→ Instructions to follow
Print the lines from the one containing "A photograph of" through the end of the listing below, exactly as written. Any pictures stay out.

→ Data below
☆ ☆ ☆ ☆ ☆

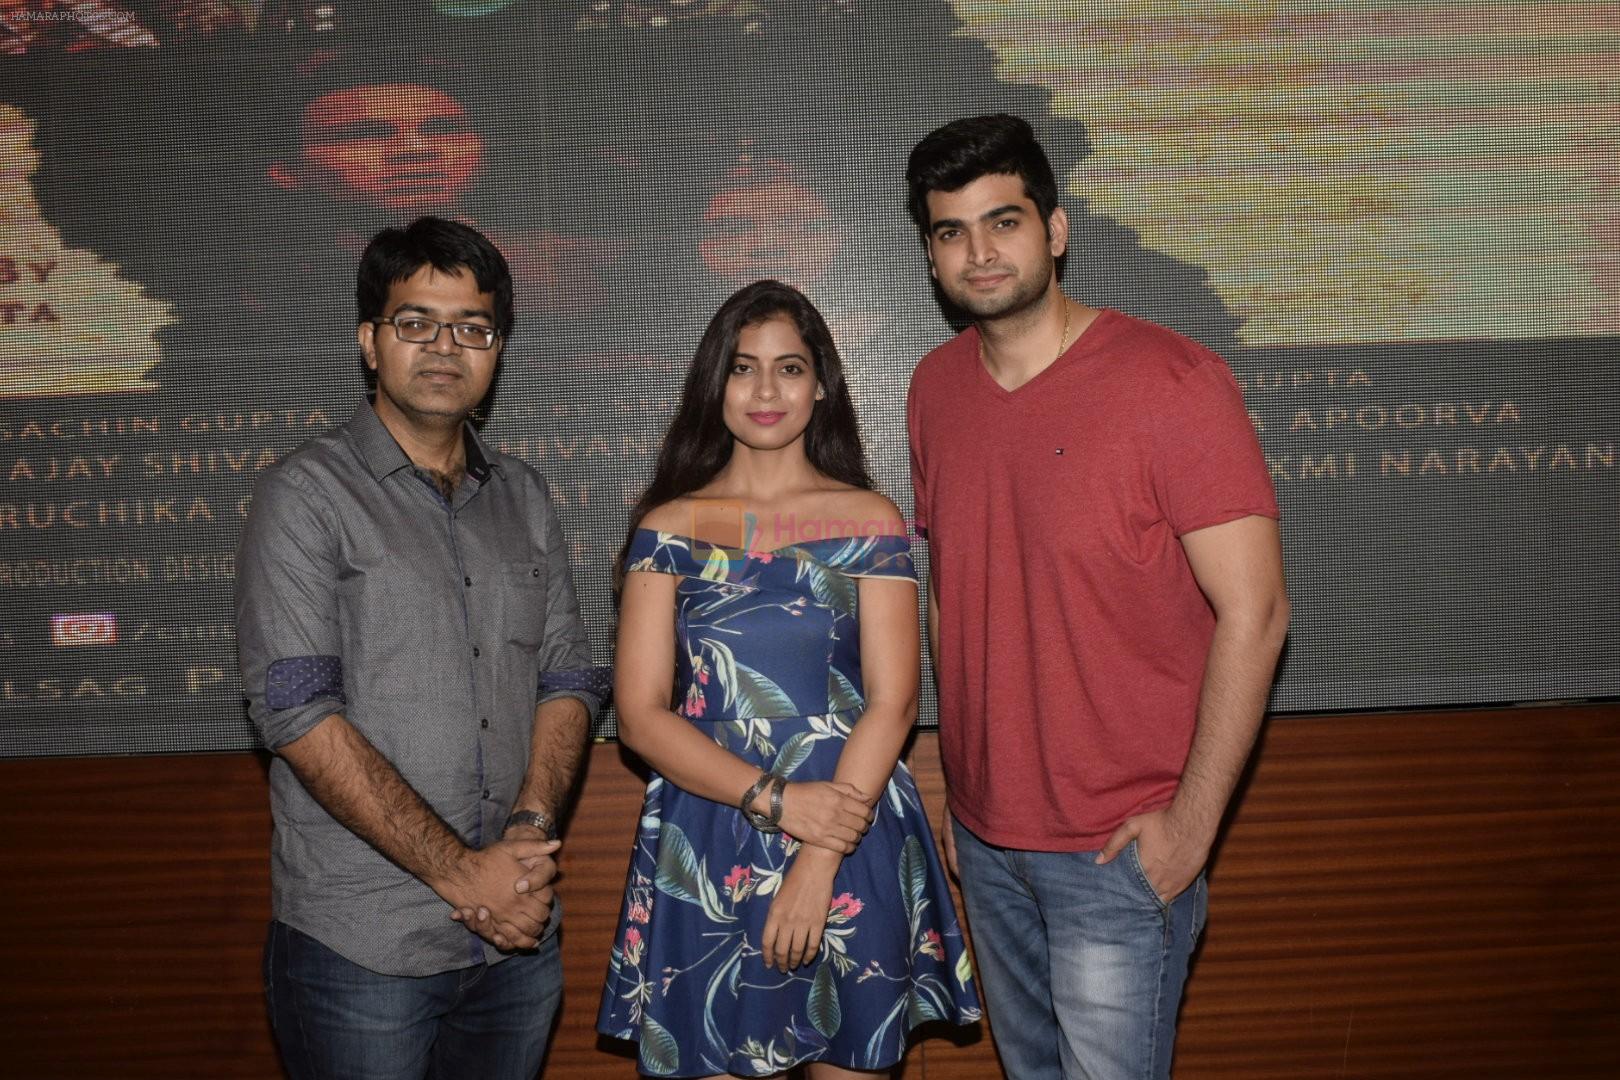 Anamika Shukla, Sumeet Kant Kaul, Sachin Gupta at the Trailer launch of film Paakhi at The View in Andheri on23rd July 2018
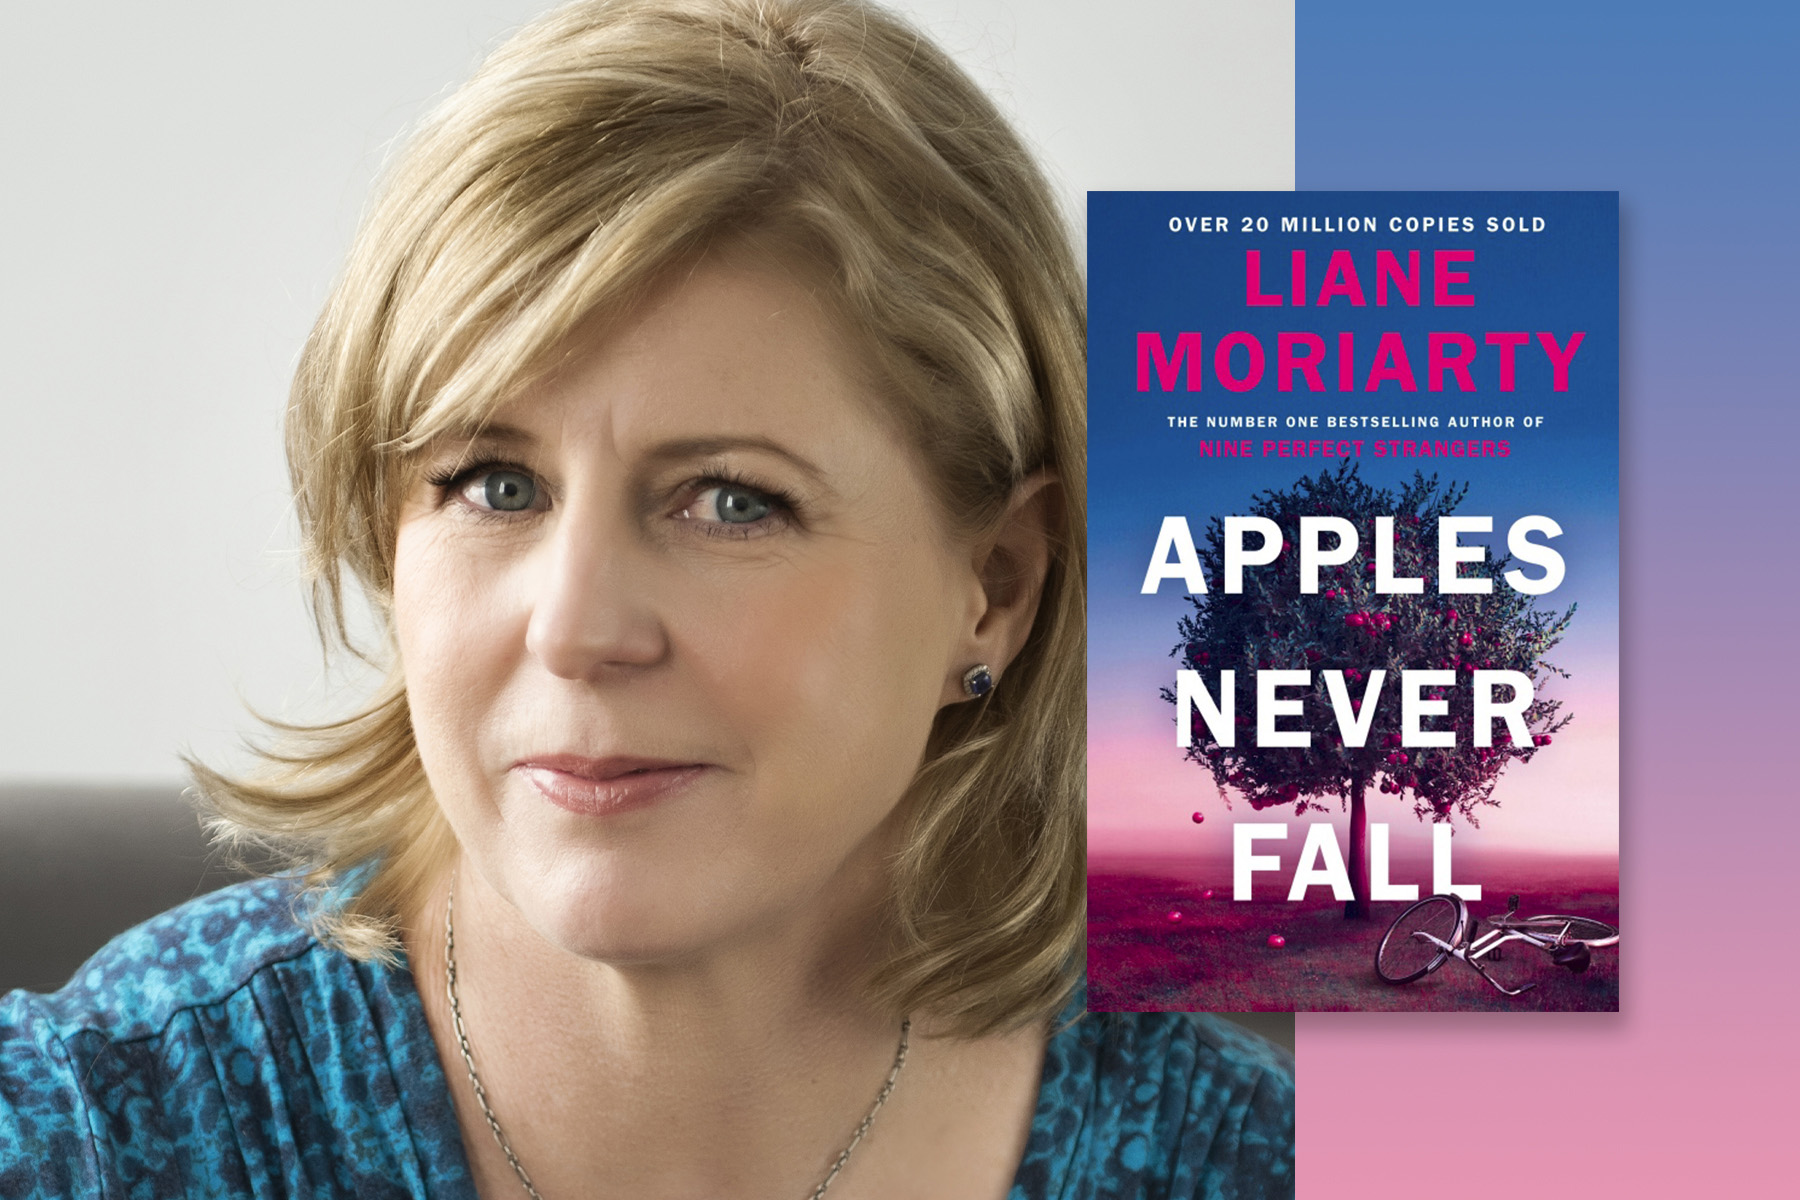 A photograph of Liane Moriarty next to the cover of Apples Never Fall
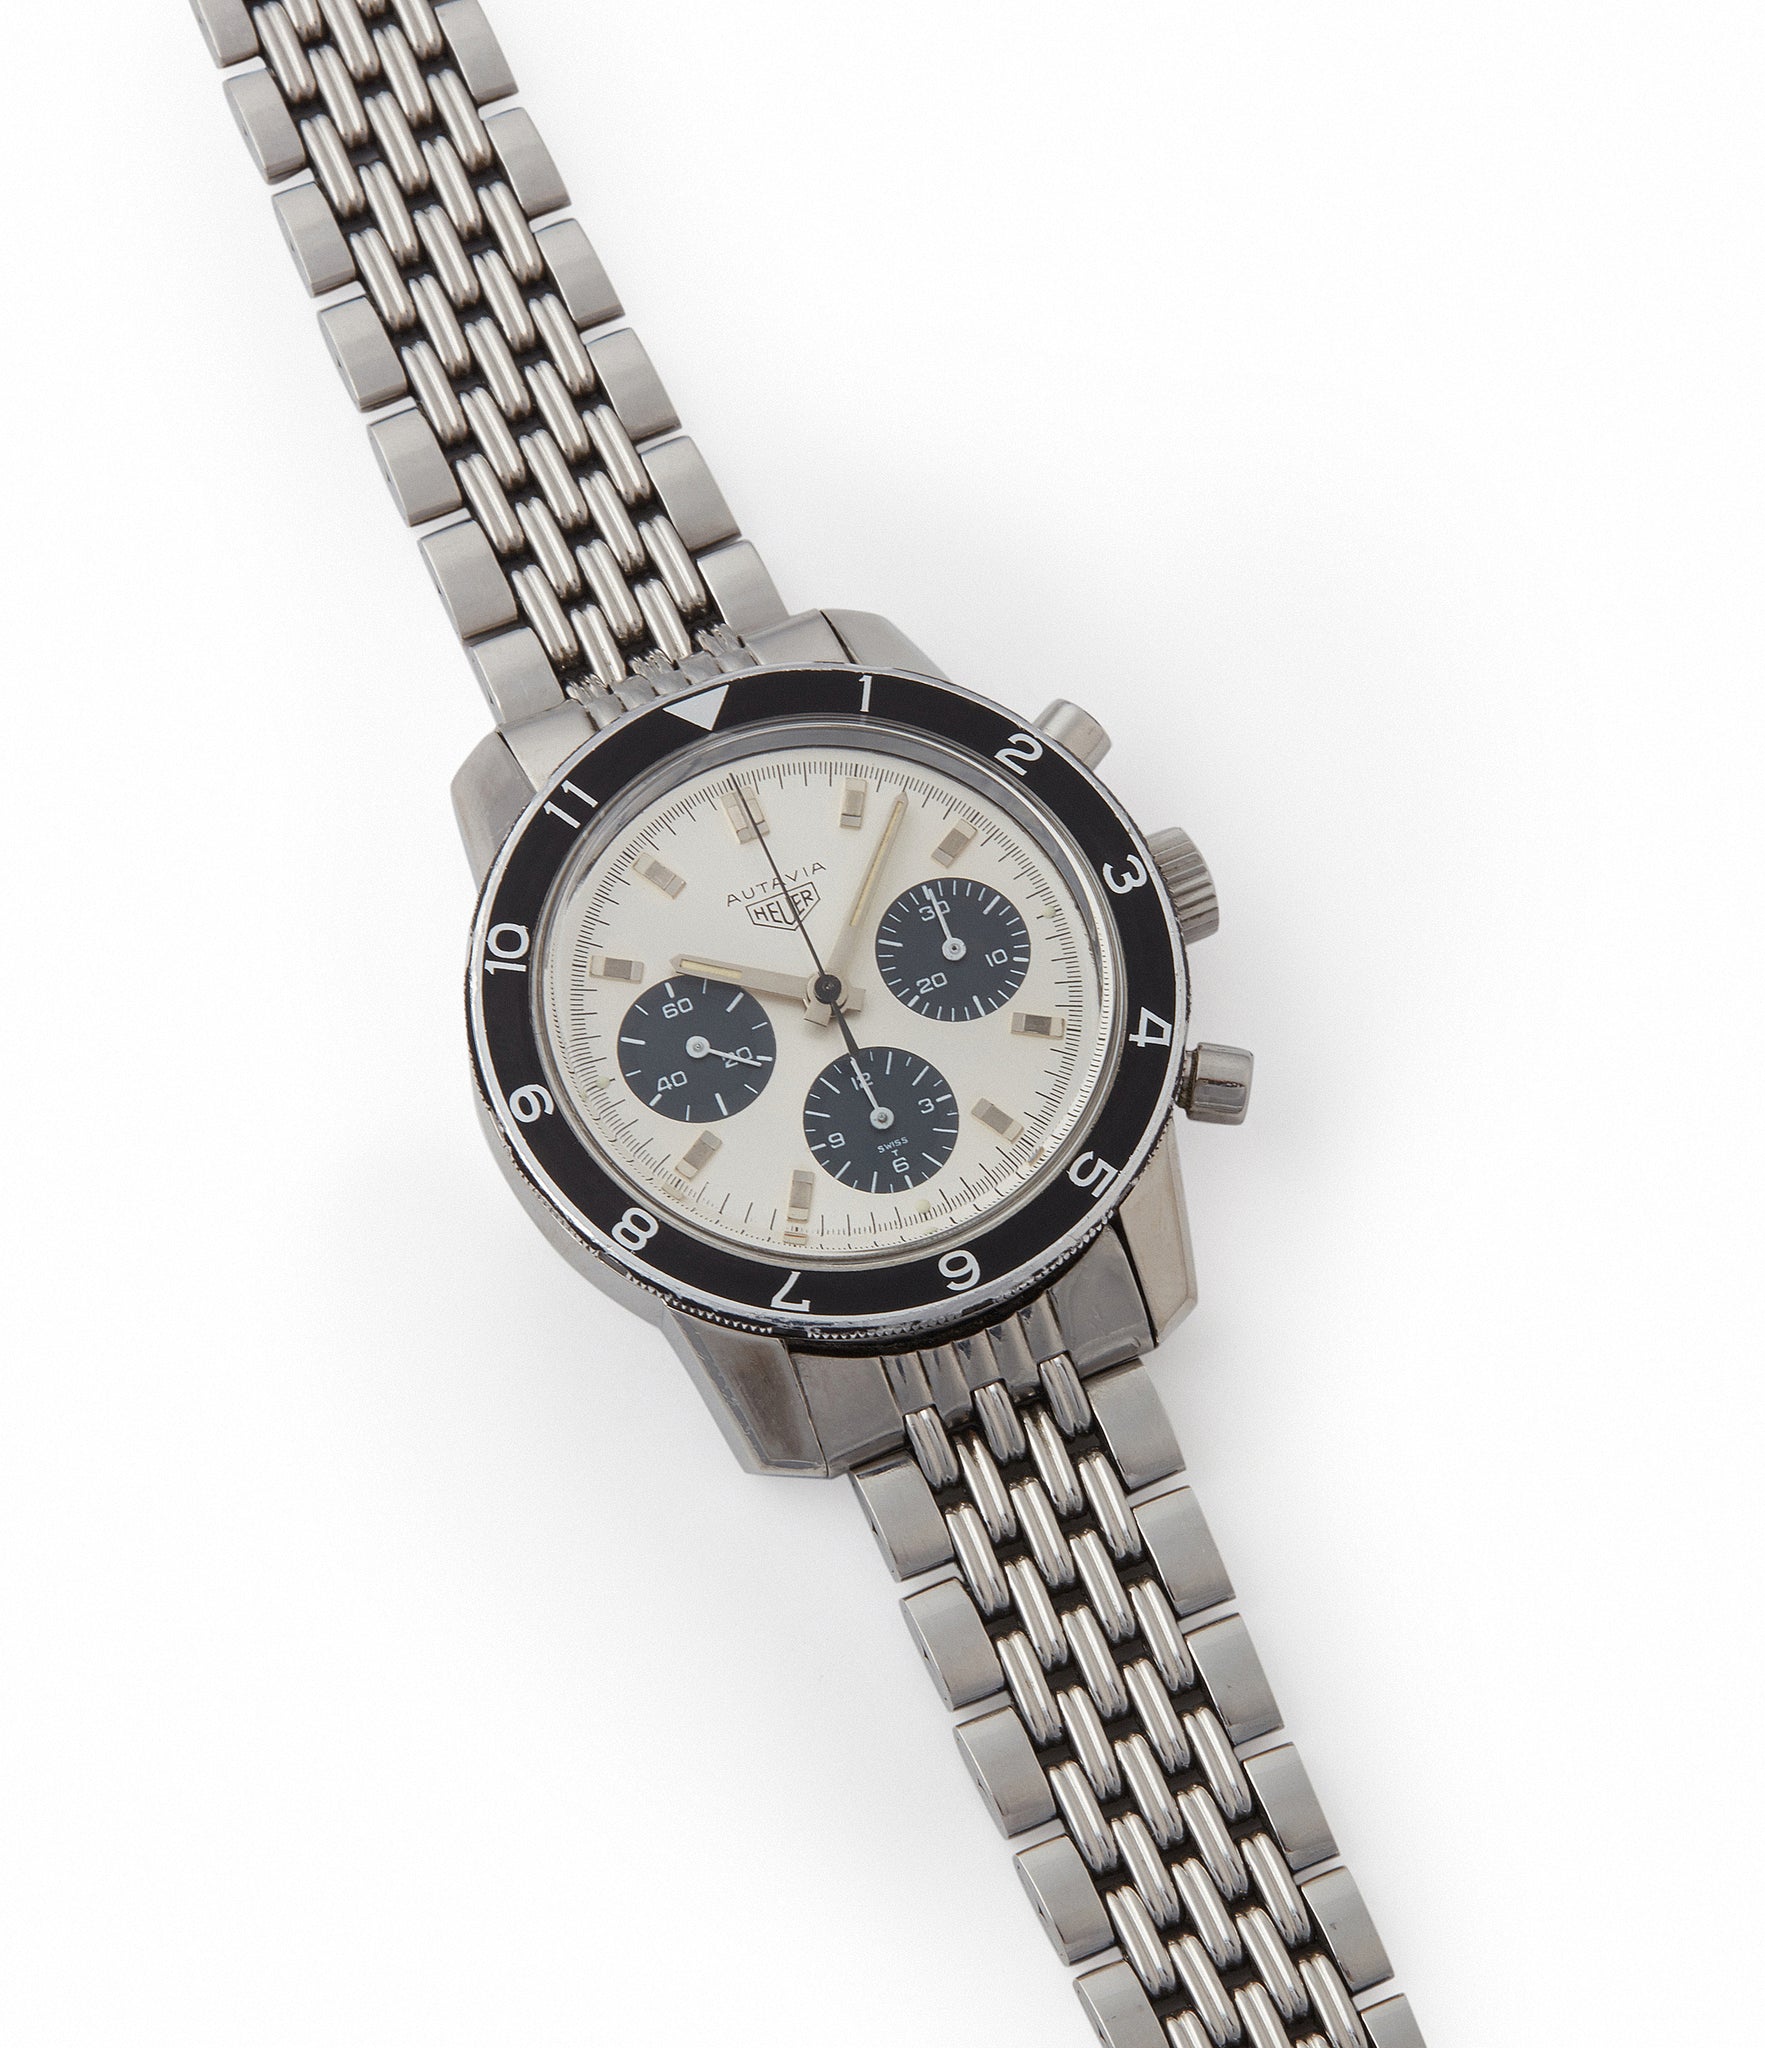 selling vintage Heuer Autavia 2446 C SN silver dial rare chronograph test dial Valjoux 72 watch

☆ ☆ ☆ ☆ ☆

→ Output
 A photograph of Liane Moriarty next to the cover of Apples Never Fall
 selling vintage Heuer Autavia 2446 C SN silver dial rare chronograph test dial Valjoux 72 watch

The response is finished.